The table shows the actual retail market share of passenger cards from Ford Motor Company as a percentage of the U.S. market.
Year Market Share
1975 23.6%
1980 17.2%
1985 18.8%
1990 20.0%
1995 20.7%
A mathematical model for this date is given by f(x) = 0.04x^2 - 0.8x + 22 where 0 corresponds to 1975. Complete the table below to find what the model predicts.
a. Complete the table.
x Market Share f(x)
0 23.6
5 17.2
10 18.8
15 20.0
20 20.7
b. Use values of the modeling function, f to estimate Ford's market share in 2000 and in 2005.
c. Write a brief description of Ford's market share from 1975 to 2005.
a. To complete the table, we need to substitute the values of x into the given mathematical model, f(x) = 0.04x^2 - 0.8x + 22.
For x = 0, we have f(0) = 0.04(0)^2 - 0.8(0) + 22 = 0 + 0 + 22 = 22. Therefore, the predicted market share for Ford in 1975 is 22%.
For x = 5, we have f(5) = 0.04(5)^2 - 0.8(5) + 22 = 0.04(25) - 4 + 22 = 1 - 4 + 22 = 19. Therefore, the model predicts a market share of 19% for Ford in 1980.

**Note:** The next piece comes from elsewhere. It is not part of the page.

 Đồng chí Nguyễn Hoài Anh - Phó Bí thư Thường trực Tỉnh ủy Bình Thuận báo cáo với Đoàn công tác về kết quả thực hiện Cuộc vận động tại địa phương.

For x = 10, we have f(10) = 0.04(10)^2 - 0.8(10) + 22 = 0.04(100) - 8 + 22 = 4 - 8 + 22 = 18. Therefore, the predicted market share for Ford in 1985 is 18%.

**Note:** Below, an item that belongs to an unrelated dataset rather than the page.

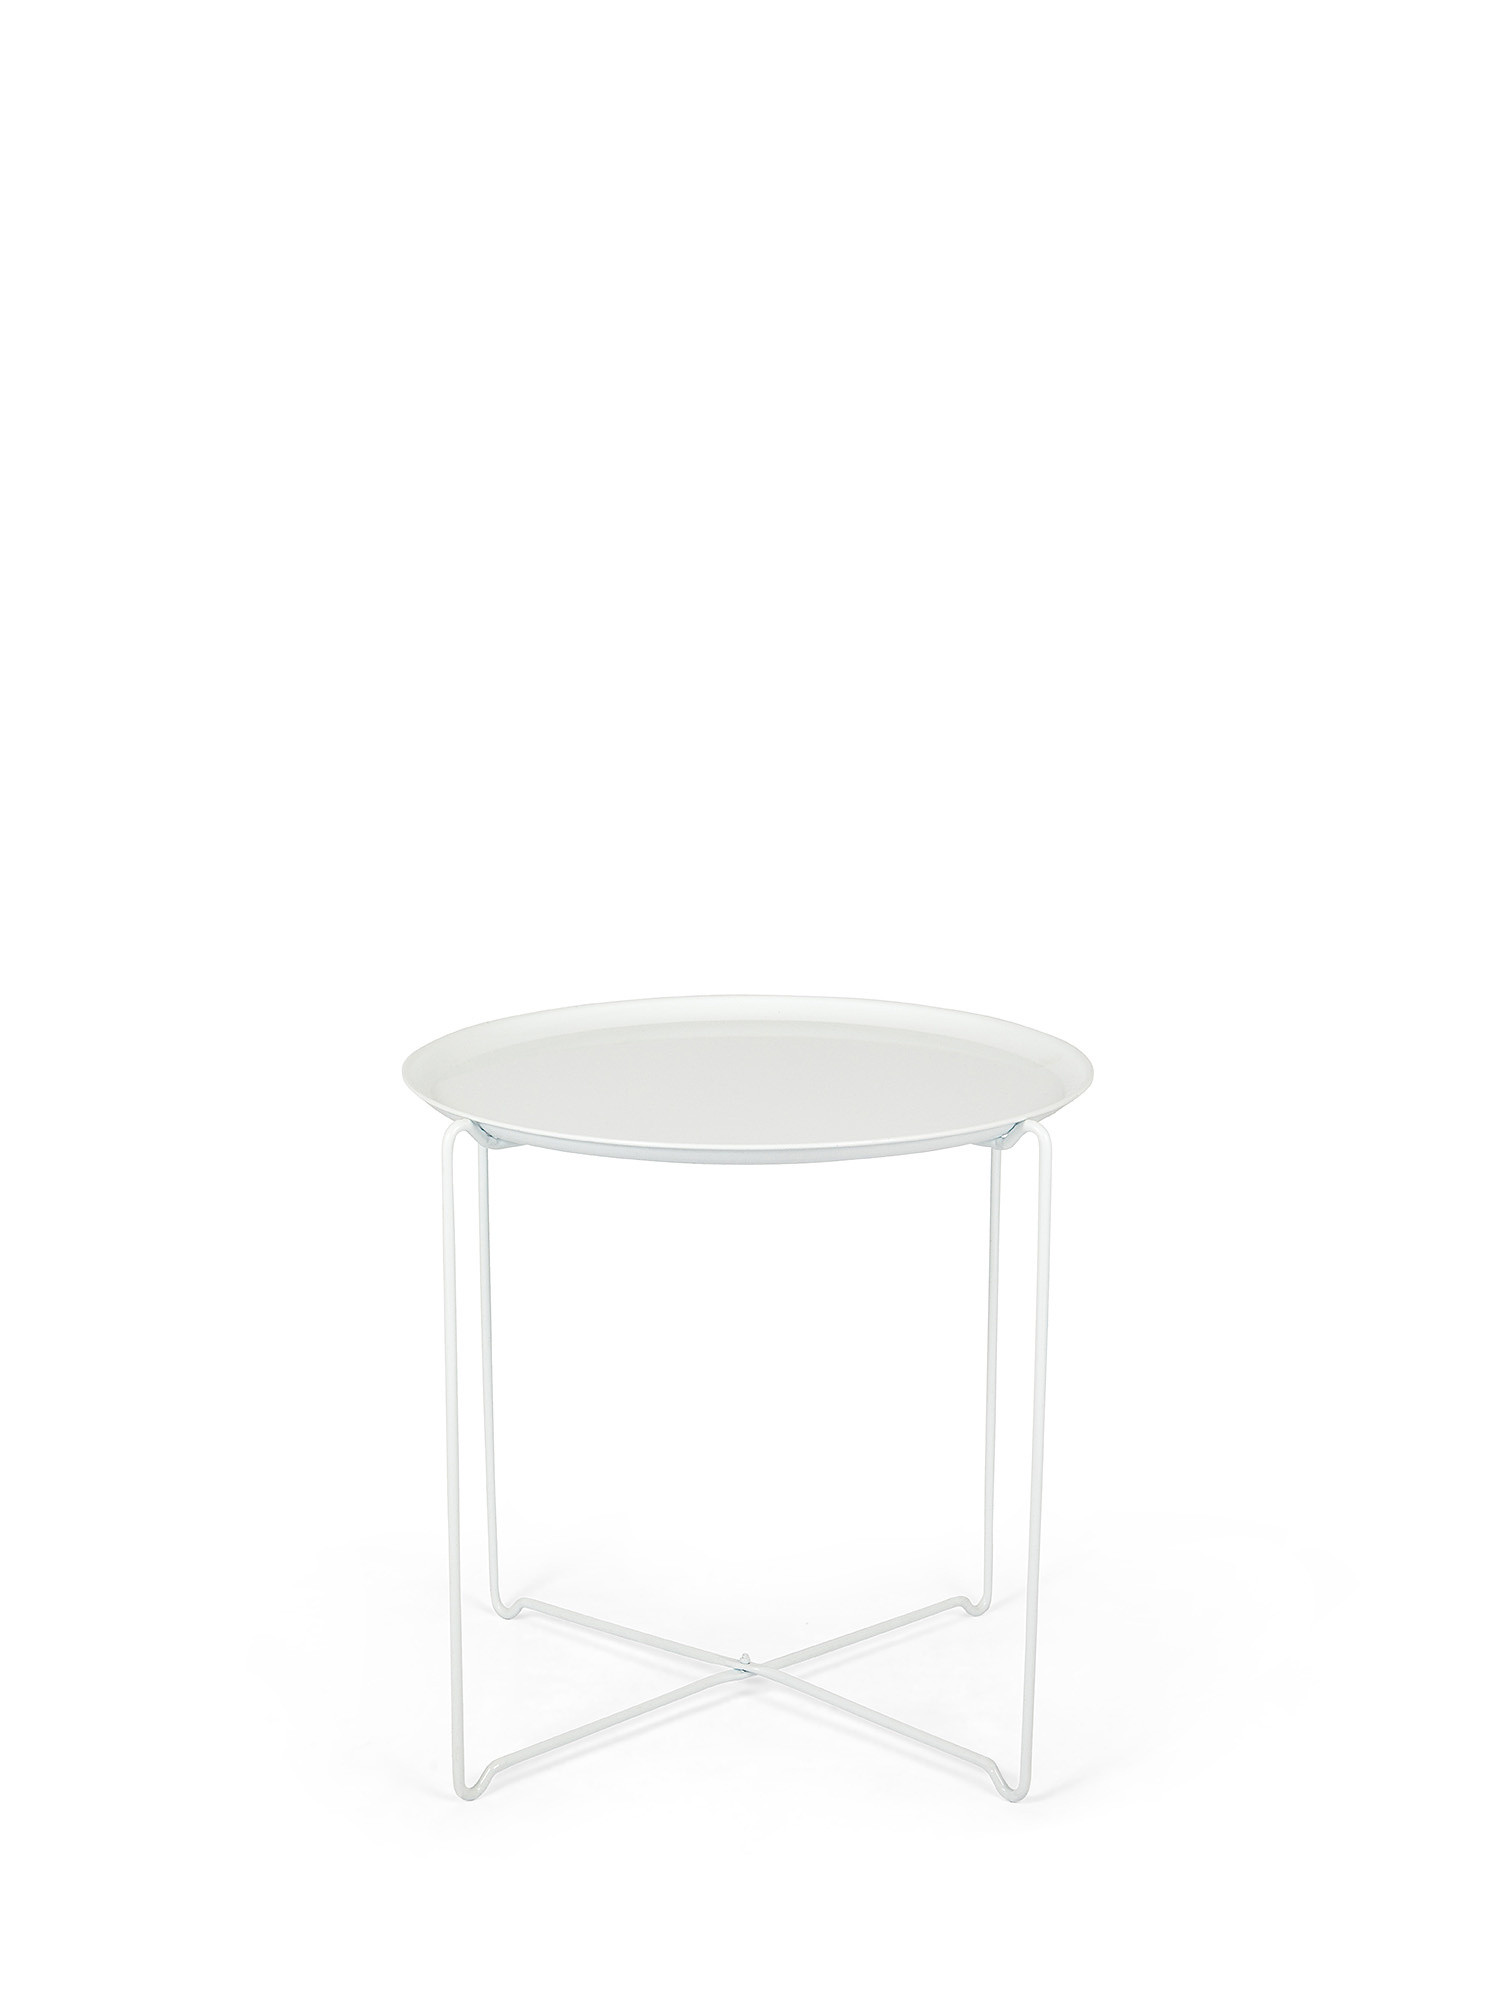 Tavolino da esterno in ferro Vassoio, Bianco, large image number 0

For x = 15, we have f(15) = 0.04(15)^2 - 0.8(15) + 22 = 0.04(225) - 12 + 22 = 9 - 12 + 22 = 19. Therefore, the model predicts a market share of 19% for Ford in 1990.
For x = 20, we have f(20) = 0.04(20)^2 - 0.8(20) + 22 = 0.04(400) - 16 + 22 = 16 - 16 + 22 = 22. Therefore, the predicted market share for Ford in 1995 is 22%.
Therefore, the completed table is as follows:
x Market Share f(x)
0 23.6% 22
5 17.2% 19
10 18.8% 18
15 20.0% 19
20 20.7% 22
b. To estimate Ford's market share in 2000 and 2005, we need to find the corresponding values of x for those years.
For the year 2000, we can use the formula x = (year - 1975), so x = 2000 - 1975 = 25. Plugging this value into the model, we have f(25) = 0.04(25)^2 - 0.8(25) + 22 = 0.04(625) - 20 + 22 = 25 - 20 + 22 = 27. Therefore, the model predicts a market share of 27% for Ford in 2000.
For the year 2005, we can use the same formula to find x: x = 2005 - 1975 = 30. Plugging this value into the model, we have f(30) = 0.04(30)^2 - 0.8(30) + 22 = 0.04(900) - 24 + 22 = 36 - 24 + 22 = 34. Therefore, the model predicts a market share of 34% for Ford in 2005.
c. From 1975 to 2005, Ford's market share fluctuated according to the mathematical model provided. The model predicts that Ford's market share started at 22%, dropped to around 17% in 1980, gradually increased to 20% in 1990, and then reached its peak at 22% in 1995. After that, the market share declined based on the model's predictions.